COVID-19 presents a real-time educational opportunity

Engaging middle and high school students in learning how science happens

What do you remember about middle and high school science classes? You may remember spending a few weeks learning about what scientists do (like measuring things and the scientific method). Then, you remember having to memorize things like the phases of mitosis, the chemical symbol of tungsten (W), and the gravitational constant (-9.81 m/s2). You may also remember doing “labs” to verify these concepts. For example, you may have shined light on an elodea plant in an aquarium and observed the carbon dioxide bubbles that form. Or you might remember looking through a light microscope to identify protists, like euglena. But did you ever have a chance to learn by actually engaging in science with investigations connected to a current event? What about an international pandemic?

The COVID-19 outbreak creates an opportunity to engage middle and high school students in multiple explorations to help them better understand how scientists create new knowledge, while applying the disciplinary content from state standards taught in K-12 schools. This post describes the development of an online course faculty at Penn State’s Center for Science and the Schools are co-developing with experts in virology, epidemiology, agent-based modeling, and public health preparedness. It will be free to use and delivered digitally so teachers can use it in their classrooms or remotely if schools offer some level of distance learning this fall.
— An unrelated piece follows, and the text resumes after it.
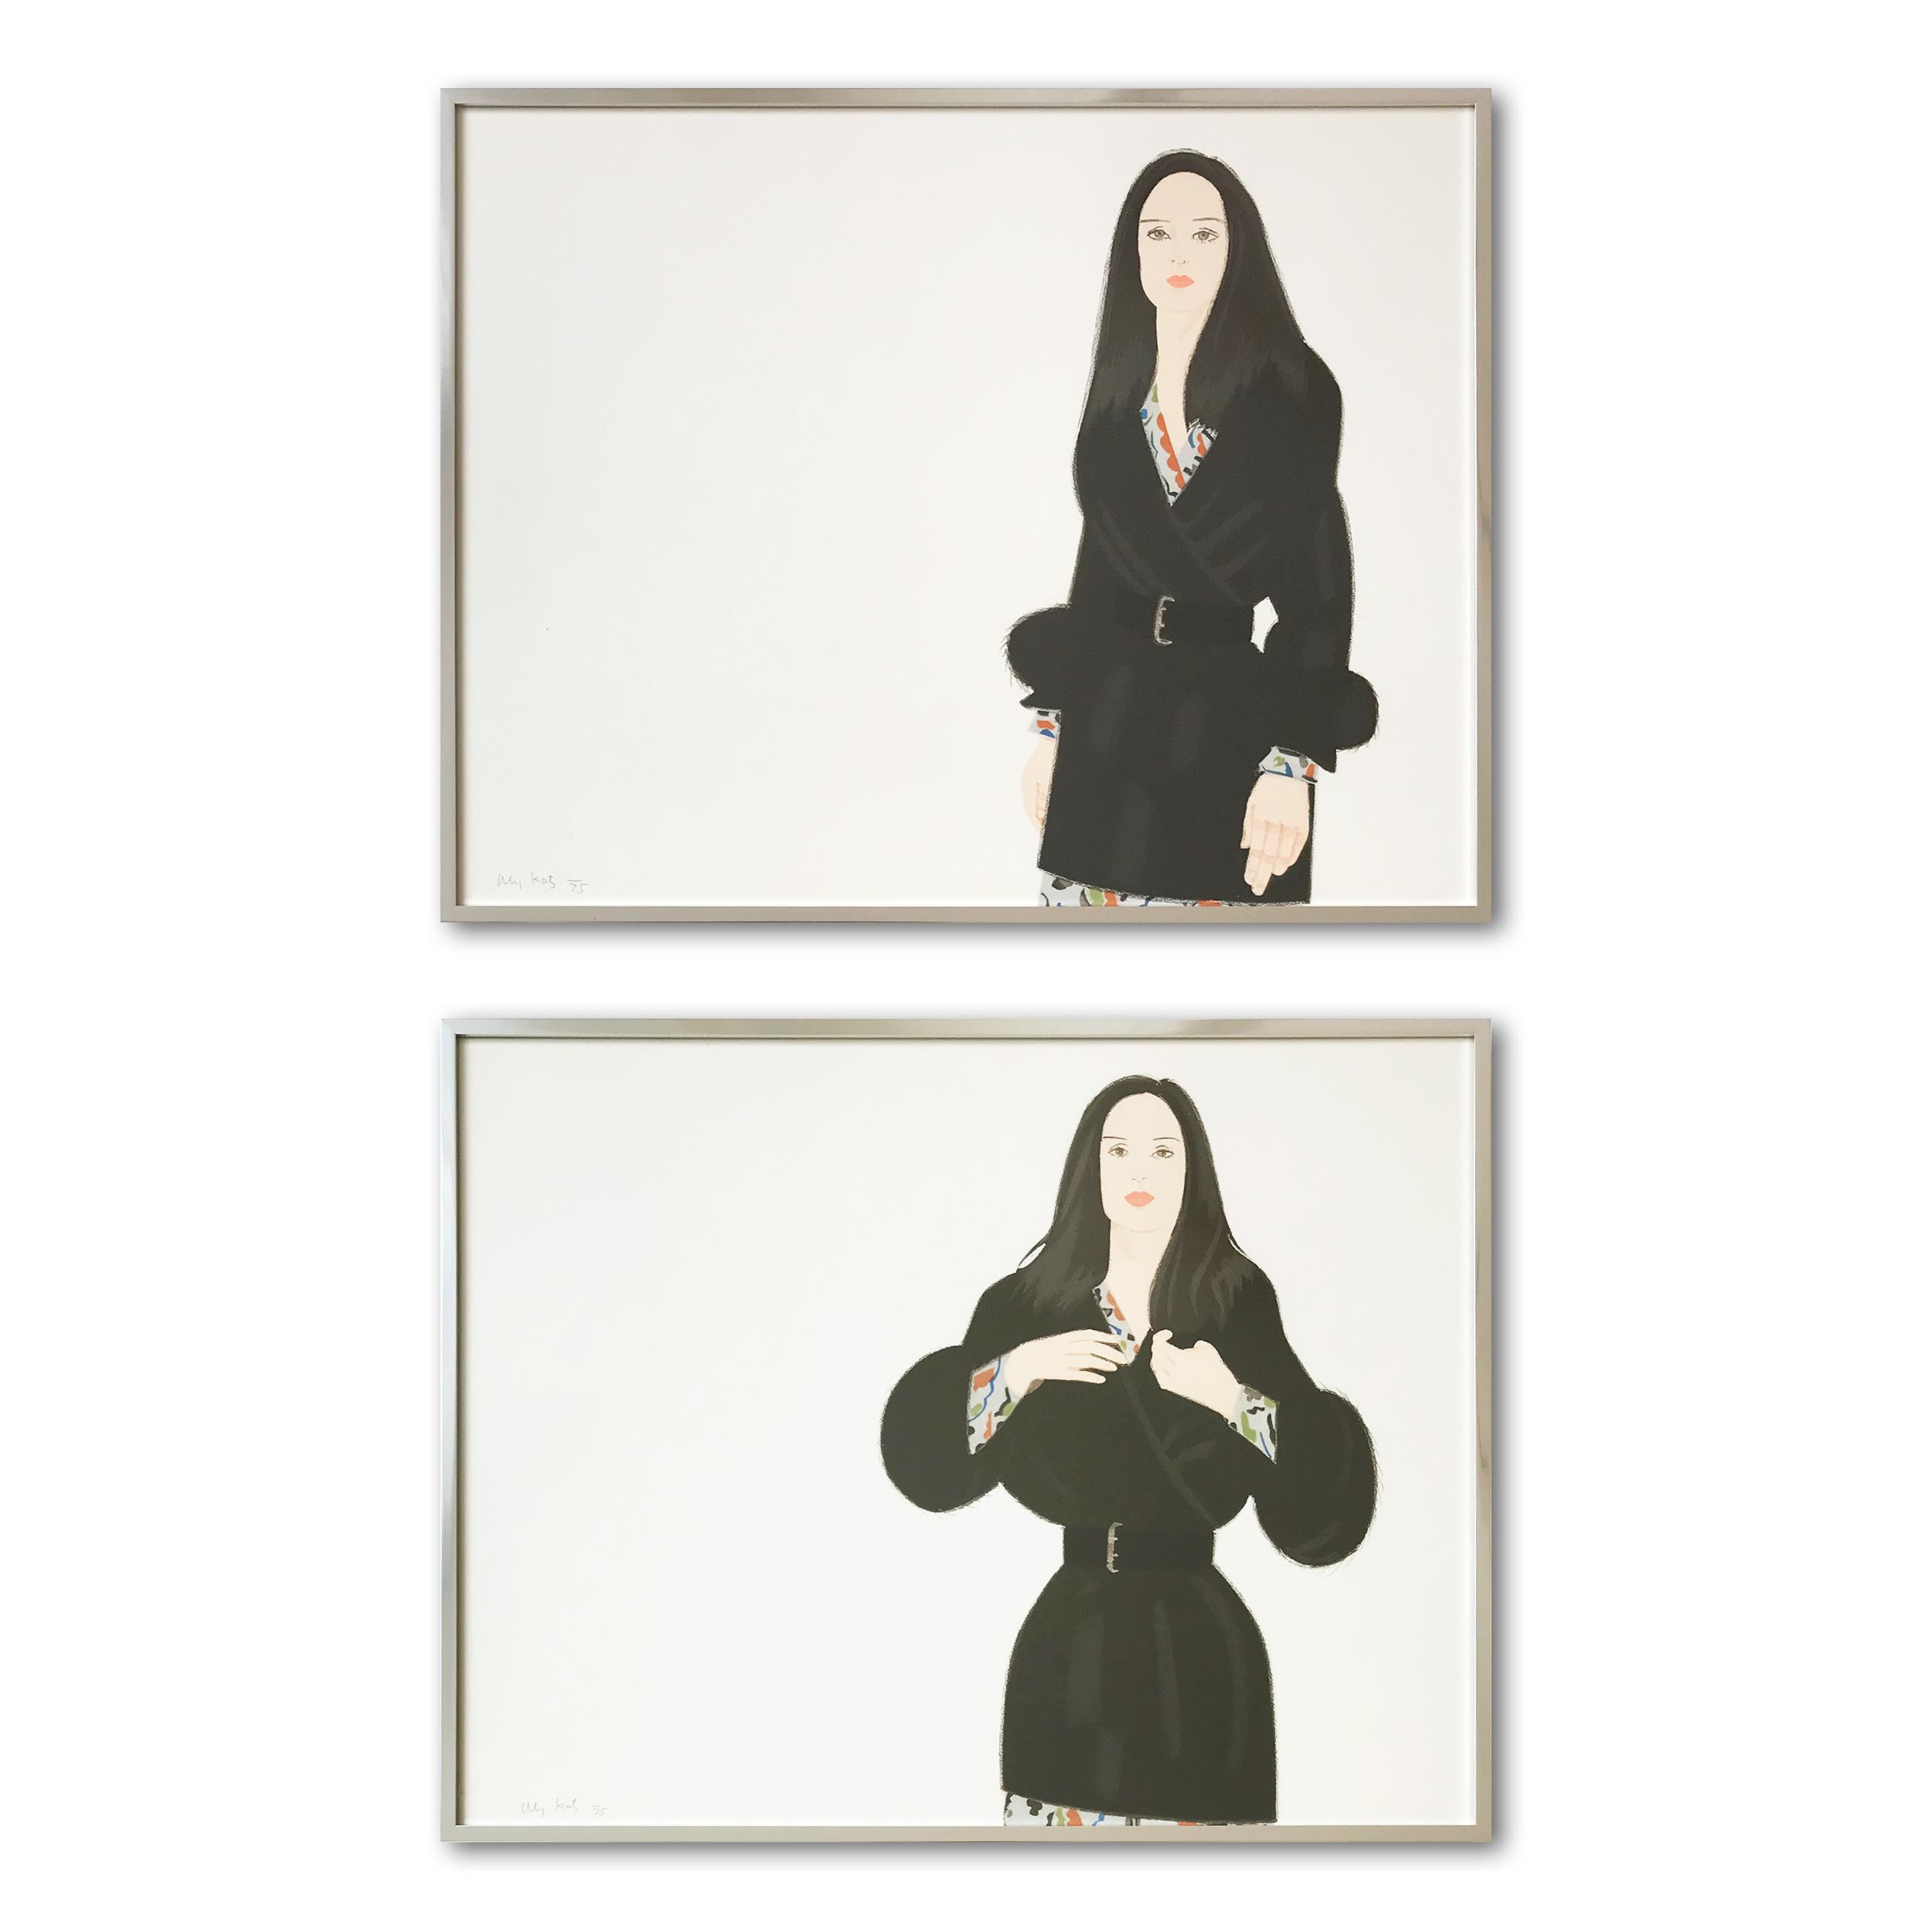 Maria I and II by Alex Katz

Education Reform and “The Practices”

For several years, K-12 science, technology, engineering, and math (STEM) teacher educators have been encouraging teachers to have students mimic the activities of experts in the field while learning and applying the disciplinary content. Originally described as inquiry-based teaching in 1960 by Joseph Schwab, the concept of having students investigate like scientists has been around for a long time. However, it’s also been misunderstood and is rarely used effectively. In the past two decades, there has been a shift away from the focus on inquiry and an emphasis on using the discourse and practices of researchers. Most recently, education reformers in the U.S. have identified ten practices of scientists and engineers and they are included in the Next Generation Science Standards and several state standards.

Figure 1: Practices

Figure showing Education Reform and “The Practices”.

Practices like “asking questions” and “analyzing and interpreting data” are found in the traditional scientific method. However, the scientific method is a myth. It oversimplifies a process whose goal is to convince the field that the claims are true. The traditional scientific method also limits methodology to only hypothesis-driven investigations that can be achieved using controlled experiments. In many fields, hypotheses are not necessary and controlled experiments are not possible.
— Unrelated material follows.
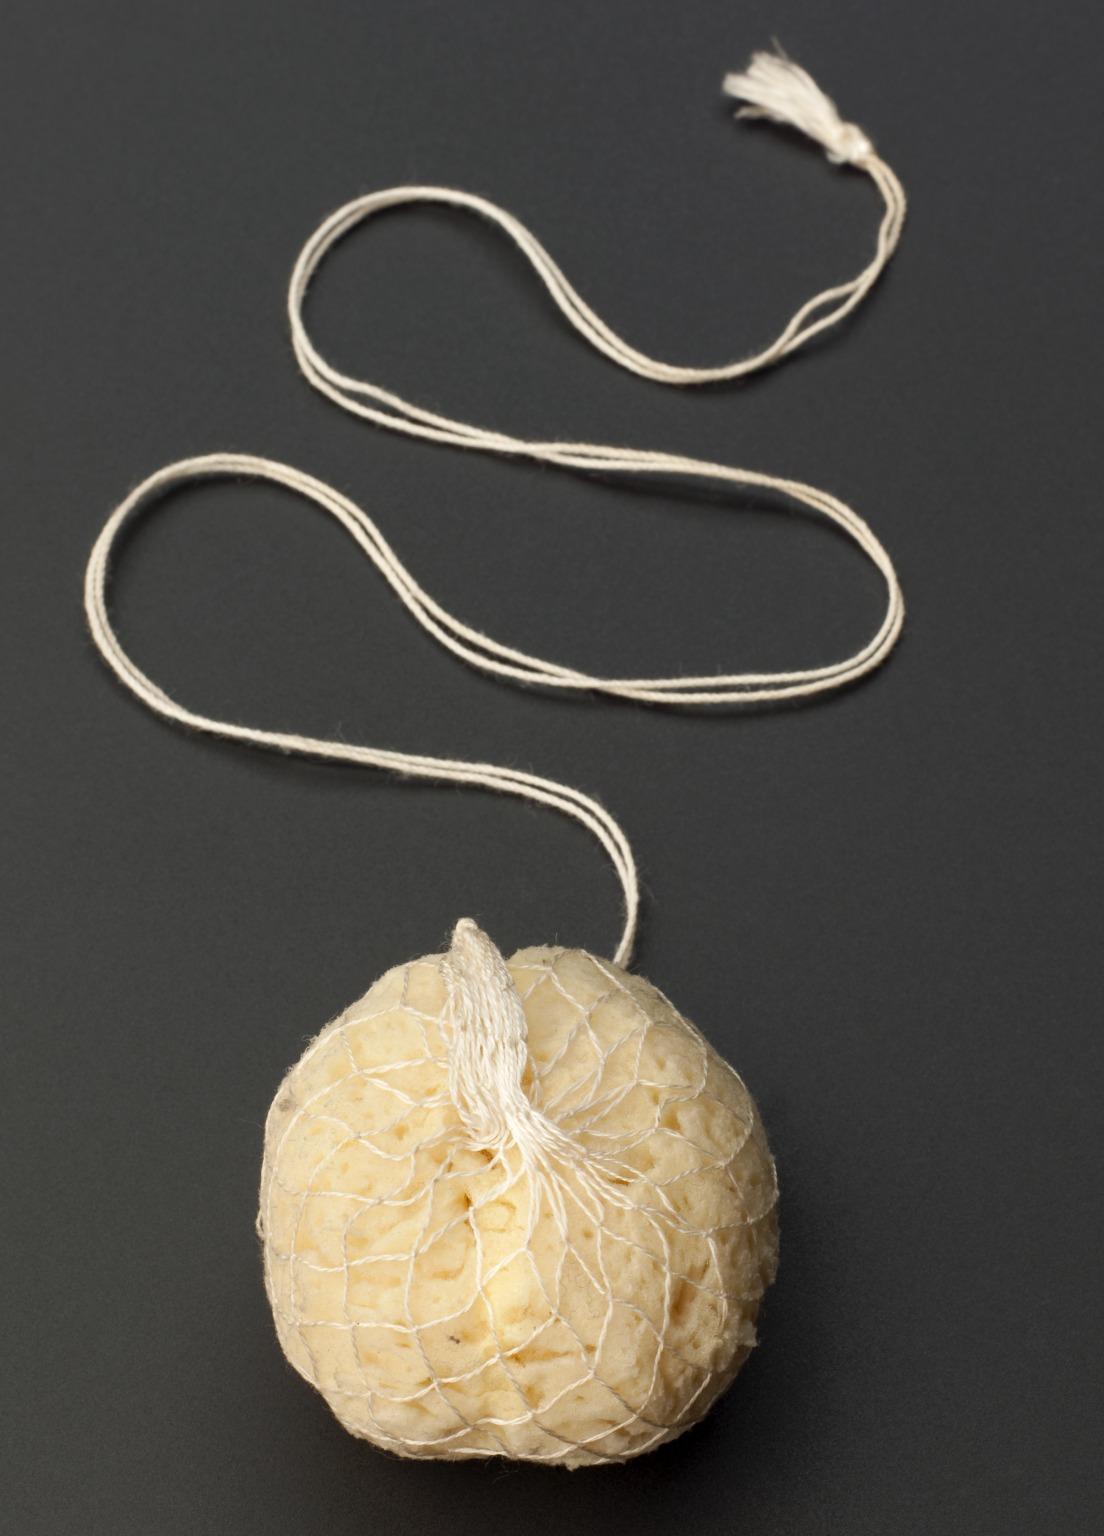 Contraceptive sponge

Engaging precollege learners in the practices of experts helps them understand how scientific knowledge is created, and it helps them be more savvy consumers of science and science reporting. However, both teachers and teacher educators struggle with identifying authentic practices that can be modified for classroom use, because their jobs rarely include interactions with experts in science and engineering. Teachers have few opportunities to become familiar with technical research and associated practices as well as effective pedagogical approaches for incorporating these practices into K-12 curriculum and instruction.

Center for Science and the Schools (CSATS)
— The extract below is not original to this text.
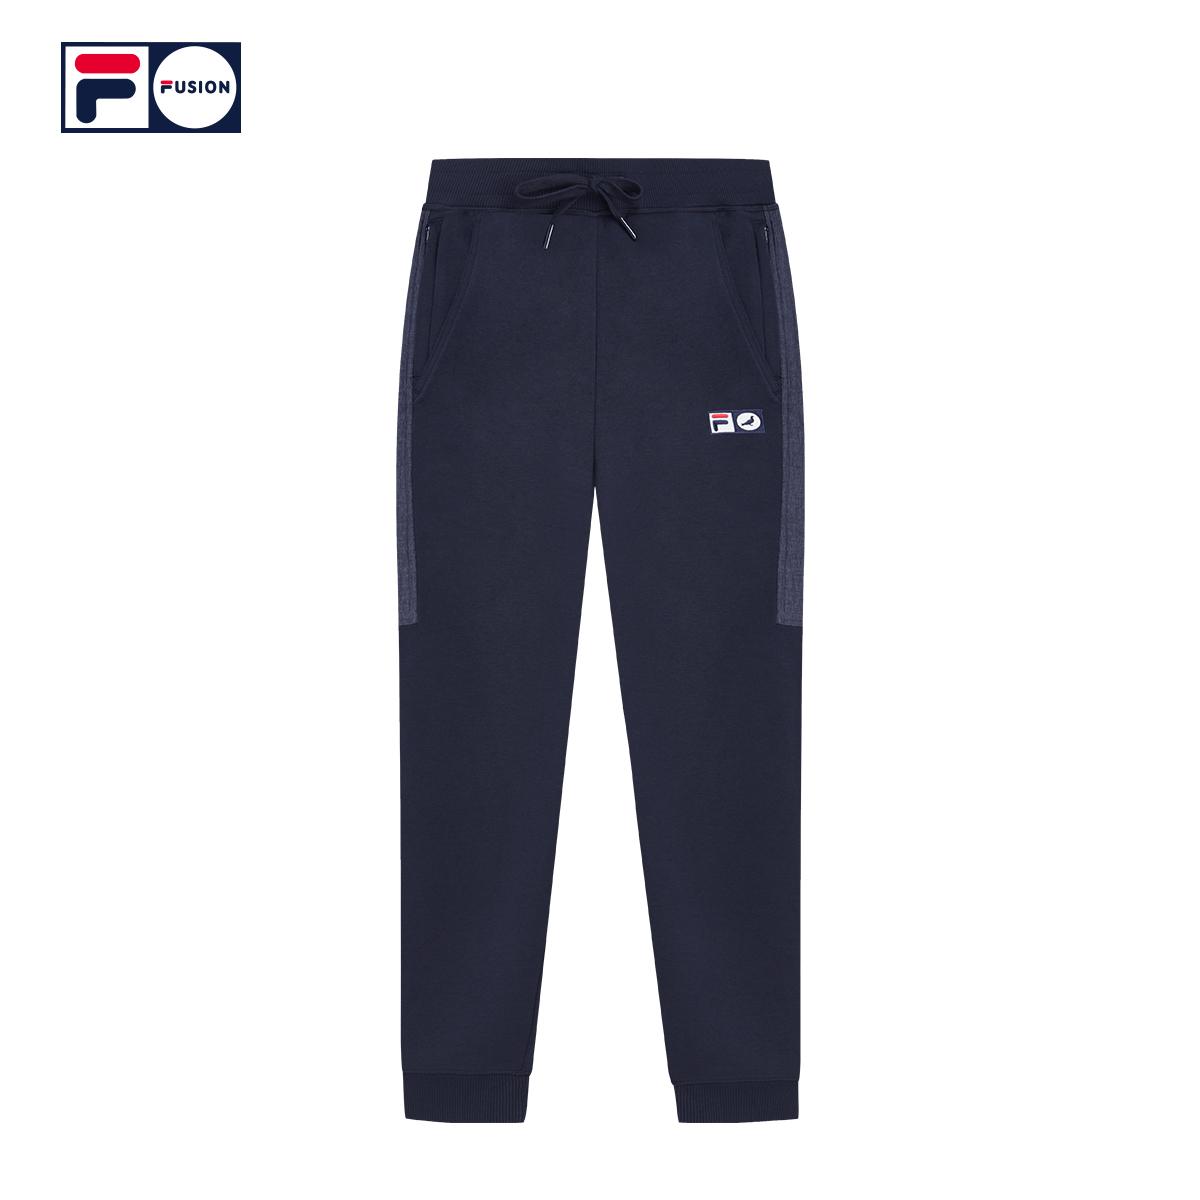 FILA FUSION X Staple斐乐长裤男2018秋季新品宽松透气运动裤男

The Center for Science and the Schools (CSATS) is housed in the College of Education at Penn State and its mission is to collaborate with STEM researchers to develop, implement, evaluate, and disseminate K-12 in-service teacher professional development programs. The goal of these programs is to support teachers in learning and applying new content knowledge by engaging them in the actual practices of scientists and engineers involved in cutting-edge research at Penn State. CSATS faculty leverage their own classroom teaching experience, their understanding of Pennsylvania education systems, and their knowledge of preferred pedagogies in science education to craft these learning experiences for teachers. By using the science and engineering research as a context for focusing on the specific practices that researchers use to do their daily work, we create learning activities that are both accessible to teachers and their students and are modifiable for the unique learning environments in which teachers work.

An Online Course on COVID-19

The development of an online course for Pennsylvania middle and high school students addresses two needs in STEM education. First, it gives students experience in understanding how new science knowledge is created by having them participate in some of the practices used by experts working on COVID-19. Most of the content taught in science classes has been settled for at least 50 years, but the practices used in research and the application of the content are both very applicable to this situation. Second, it responds to a need for high quality learning activities that can be taught and completed online. When schools abruptly closed due to the pandemic, districts in Pennsylvania scrambled to figure out how to equitably deliver high-quality learning activities remotely. Part of the challenge is access to the internet for those in low-income and remote settings, but another challenge is that teachers cannot rely on students having materials with which to do activities. Our course uses data and tools that are available through a free website to learn about COVID-19 through the lenses of three distinct fields, each with different goals and practices used to accomplish them.

Module 1: Virology

The course begins with a case study of a patient in a Chinese hospital who exhibits pneumonia-like symptoms but whose tests indicate a novel infection. The primary role of virologists in this case is to isolate, grow, and characterize the virus. This work depends on the scientist knowing and understanding a lot of the material typically taught in precollege life science courses, and the practices they use can be paralleled for K-12 learners. Tiffany Lewis, faculty at CSATS, is leading the development of this module with scientist Anthony Schmitt, professor of molecular virology.

A virus is an anomaly in our world. Technically, viruses are not living, because they only replicate within the cells of a host organism. But just because they are not defined as a living organism by biologists doesn’t mean they are inconsequential! One system classifies them based on their genetic material and the processes in which it needs to reproduce. The classification of a novel virus can be accomplished by finding the composition (“sequence”) of the genetic material and comparing it to known viral sequences. The sequence of the current novel virus that causes the disease COVID-19 is classified as a coronavirus, and since its sequence matched closely (>75%) with the SARS-CoV virus that caused the SARS outbreak of 2003, the virus was named SARS-CoV-2. Scientists then verified the classification by using electron microscopy, and found the virus had spikes on the surface, a characteristic found in coronaviruses. Students in this activity will be able to use publicly available genetic sequences and software that will identify the commonality between the sequences. By looking at published electron micrographs of the virus that causes COVID-19, and a library of ones with which to compare, students will be able to identify SARS-CoV-2 as a coronavirus based on corroborating lines of evidence.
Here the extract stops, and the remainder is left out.